• **What you are asked to do**:
Word for word and without images, reproduce the listing that follows.

• **Input data**:
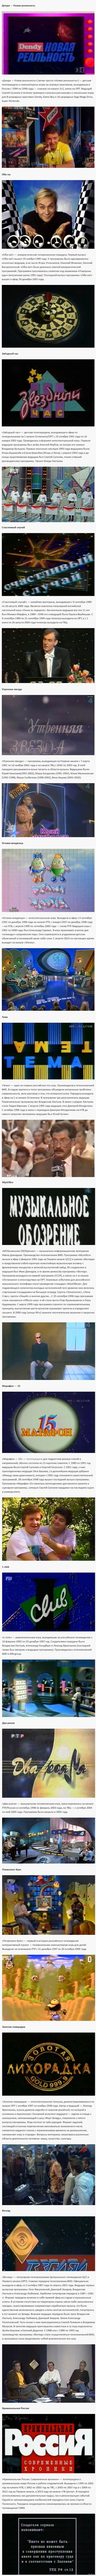 . .  90-    <a href="http://pikabu.ru/story/nostalzhi_teleperadachi_90kh_godov_2633719#comments">http://pikabu.ru/story/_2633719</a>
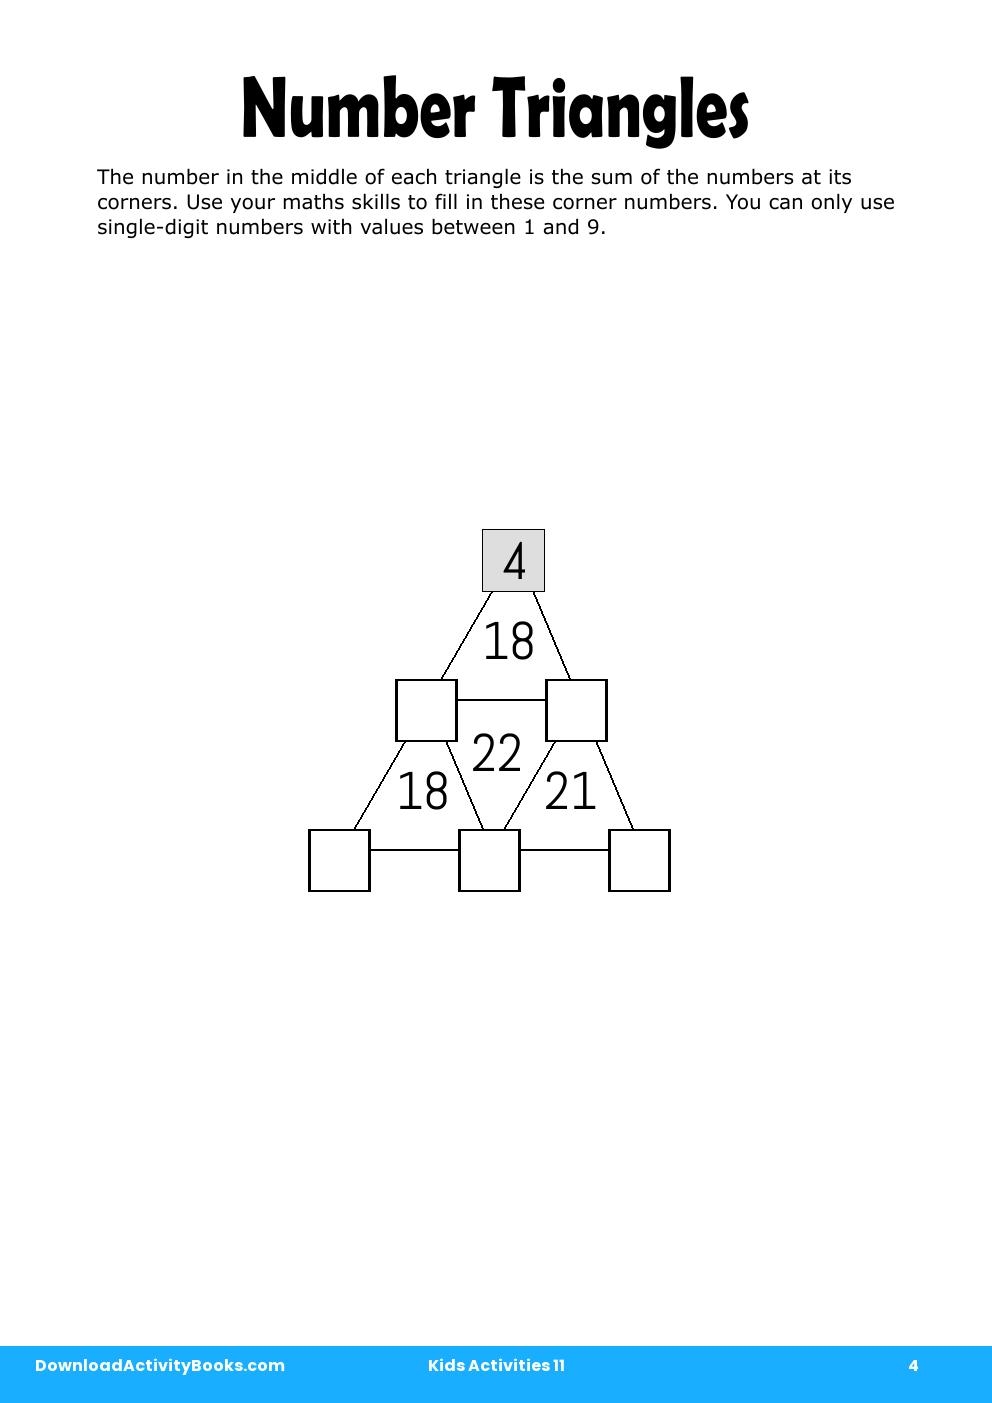 Number Triangles in Kids Activities 11
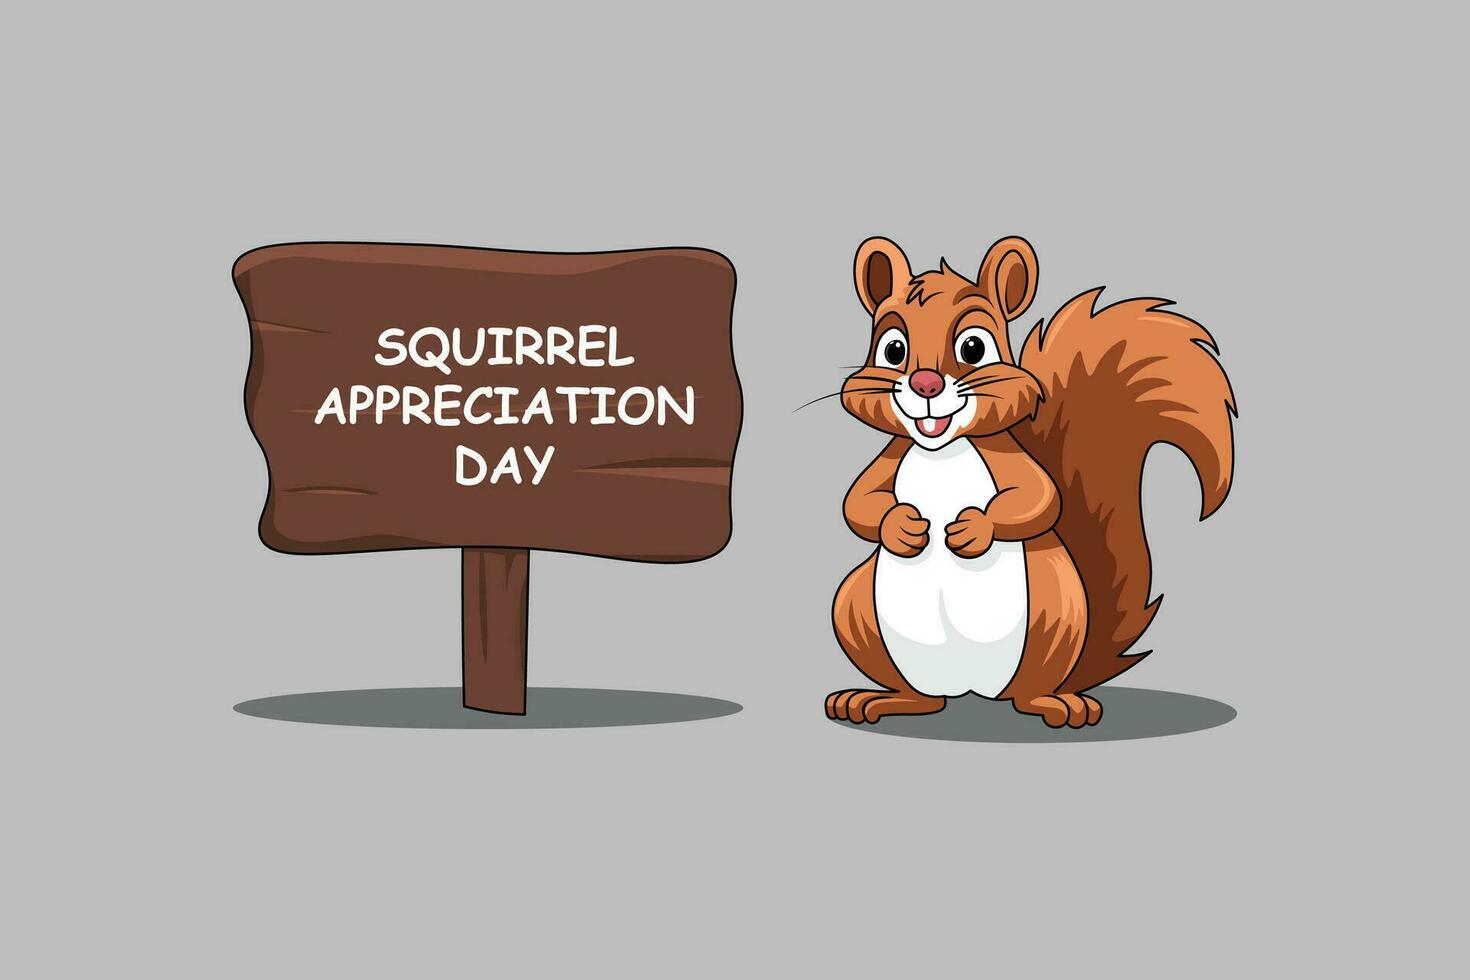 Squirrel Appreciation Day background. vector

• **Answer space**:
 . .  90-    <a href="http://pikabu.ru/story/nostalzhi_teleperadachi_90kh_godov_2633719#comments">http://pikabu.ru/story/_2633719</a>
 Number Triangles in Kids Activities 11
 Squirrel Appreciation Day background. vector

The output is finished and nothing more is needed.